Собачка завертелась юлой под дедовыми ногами, закрутила хвостом, что есть мочи, громко повизгивая.
– Ну-ну, тихо-тихо, чего расшумелась? Гляди мне, ящерок не забижай, а то знаю я тебя, сейчас снова шугать их примешься да ловить.
Дед Матвей обернулся к кровати, на которой лежала Софья, покашлял смущённо, помял в руках картуз:
– Ты это, внученька, побудь покамест тут без меня, мне в Гнилой угол сходить надоть, травок кой-каких набрать бы. А я тебя-то вот не одну, на Афанасья оставляю.
Дед махнул рукой на кота, что улёгся возле Софьиного бока и уже начал подрёмывать, пригревшись.
– Фанасий- то за тобой приглядит, так что не скучай.
Дед Матвей надел картуз на голову, взял корзину и вышел из избы.
Ходил он долго, и воротился домой только к вечеру, когда уже стало смеркаться и тучи комарья закружились на болоте.
– Совсем заели проклятущие, – поднимаясь в избу по ступеням, ворчал дед Матвей, неся в руках полную корзину грибов да кореньев, и почёсывая искусанную шею, – Нешто настой мой супротив них спортился? Всегда помогал. Намажешься – и не одна тварь не подлетала. А тут…
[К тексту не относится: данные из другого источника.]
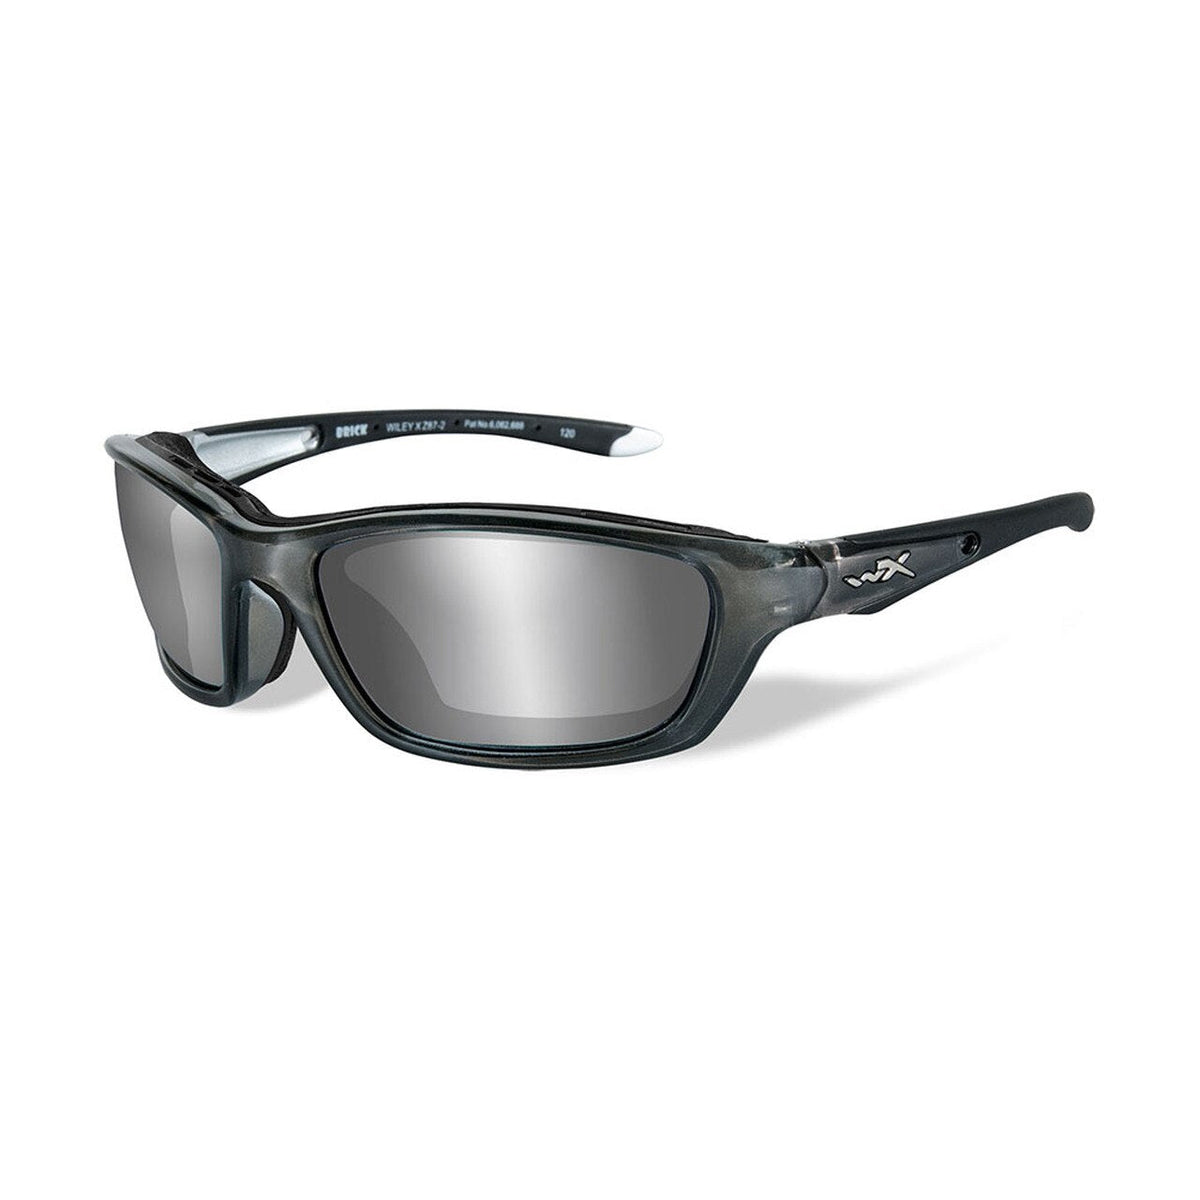 Wiley X Brick Sunglasses Silver Flash Lens Crystal Metallic Frame Eyewear Wiley X Tactical Gear Supplier Tactical Distributors Australia

Он замер на пороге, не договорив, и уставился на середину избы. Там, возле стола, стояла Софья и хлопотала, раскладывая миски да ложки.
– Бат-тюшки, внученька, – обомлел дед, – Встала? Полегшало, знать, тебе? Вот, и слава Богу, вот и слава Богу!
Софья вдруг выронила на пол деревянную ложку, и та с глухим стуком ударилась о доски, и укатилась под лавку.
– Так ты слышишь, доченька? – ахнул дед Матвей и перекрестился, – А я-то думал, ты не слышишь меня, что я тут старый дурак бормочу хожу, я уж думал – сам с собой баю. А она слышит!